Louisiana Residents Say No to Plastics Factory Being Built on Enslaved Burial Sites

By N. Jamiyla Chisholm Mar 12, 2020

While standing on the site Formosa Plastics wants to build a $9.4 billion facility on, Sharon Lavign, community director of Louisiana’s predominantly Black RISE St. James Parish, announced the release of a new report through the Center for Constitutional Rights, showing that Formosa knowingly chose to build on the graves of the Black bodies chained to the land more than a century ago.

In a Facebook video uploaded March 11, Lavign alleges the company “has repeatedly searched in the wrong place for the burial sites,” making her “doubt that Formosa Plastics is serious about locating and preserving our ancestors.” 

The report, which was prepared by the environmental and archeological services firm Coastal Environments, Inc., (CEI), discovered as many as seven cemeteries that may be burial grounds of enslaved people. The sites, which also included a cemetery on the former Buena Vista Plantation, were discovered by CEI researchers who were first told of two cemeteries on the Formosa site by the Louisiana Division of Archaeology. CEI was able to locate these burials with the help of detailed maps from 1877 and 1878 and a process known as cartographic regression.

“The enslaved people in these gravesites had no choice in where they lived, where they worked, where they died, and where they were buried,” Lavigne said in a press release. “Our ancestors are crying out to us from their graves—they are telling us to not let industry disturb their burial sites. Formosa Plastics did not inform the citizens of St. James or the parish council of the existence of the graves when they knew—they don’t care, they just want to profit from St. James Parish.”

According to the Center for Constitutional Rights, Formosa—which it claims knew about the graves since 2018—would “double the level of toxic emissions in St. James, which already has among the highest in the country.” CEI also confirmed that hundreds of enslaved people had been forced to live on the plantations that are now the site that Formosa wants to build on.  

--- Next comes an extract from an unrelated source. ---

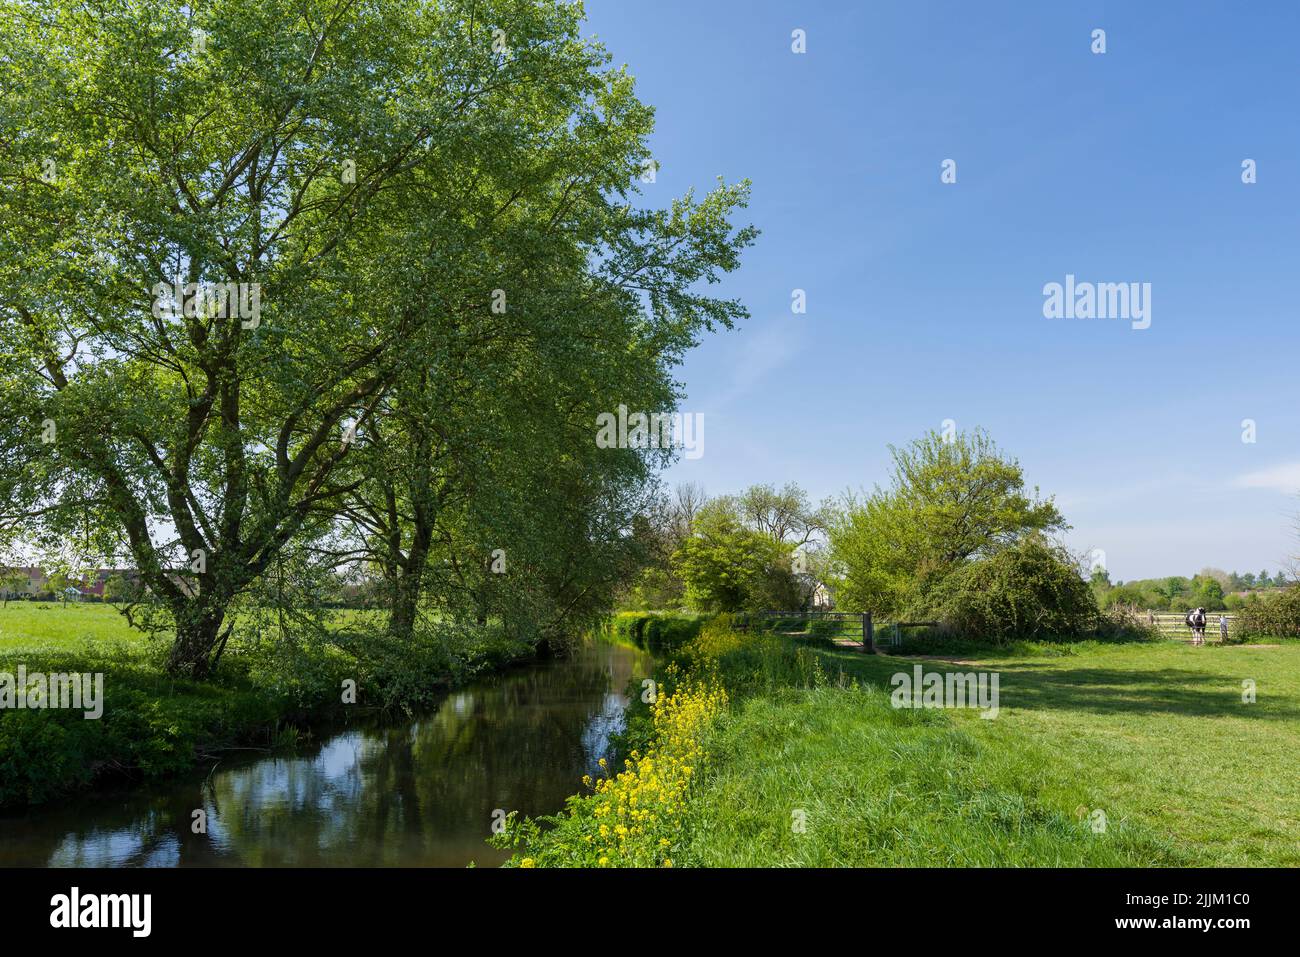 The River Yeo, also known as the Congresbury Yeo, along the Two Rivers Way at Congresbury on a sunny spring day, North Somerset, England. Stock Photo
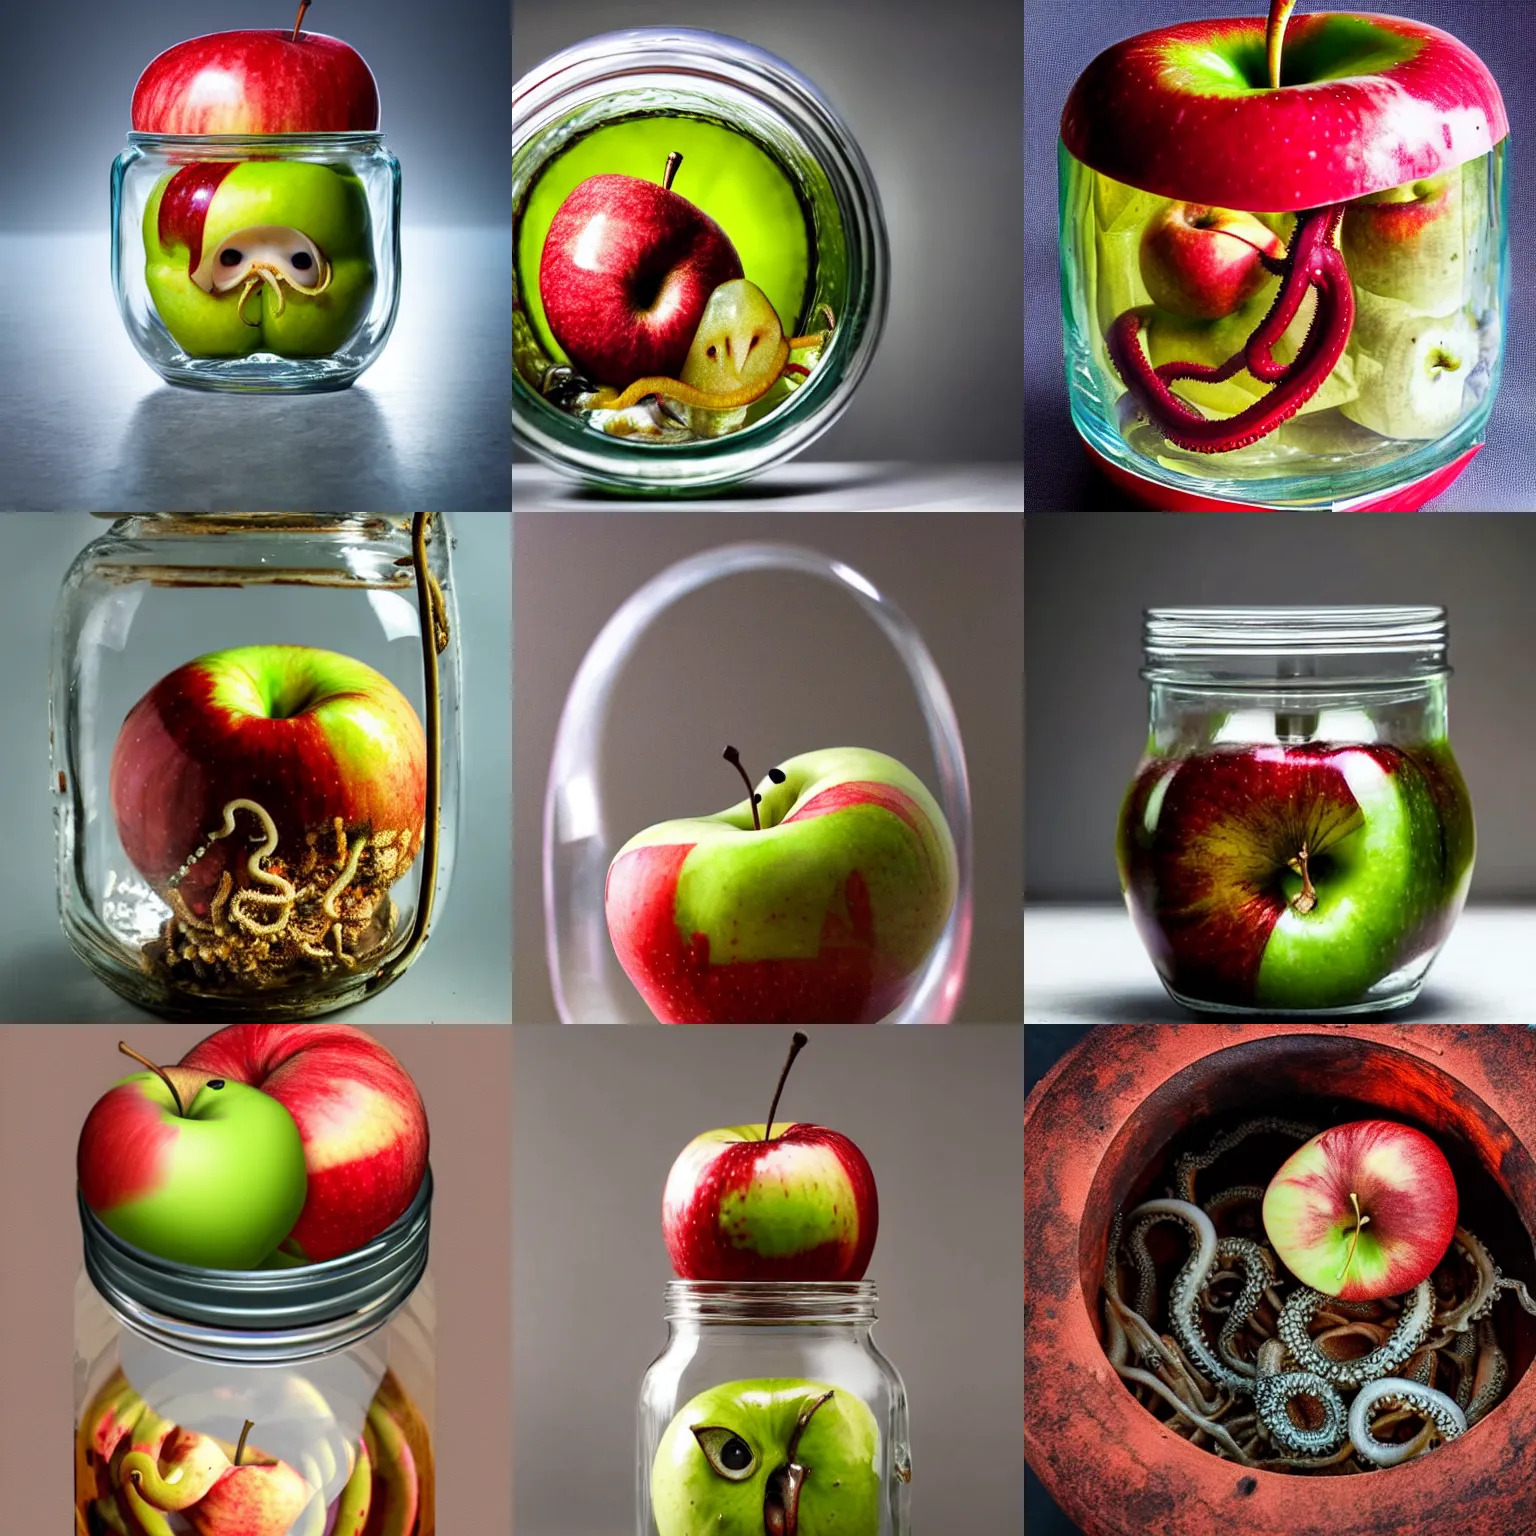 Prompt: rotten apple with tentacles coming out of it inside a glass jar

“The significance of this discovery for descendants, and for history, cannot be overstated,” said Pam Spees, senior staff attorney at the Center for Constitutional Rights. “All cemeteries are important; and even more so when the graves of people enslaved here were once believed lost to history. Now they may be found. This land has a value and meaning that should be honored and protected against this kind of harmful development that will only serve to destroy rather than help build the community of descendants of those from whom so much was taken.”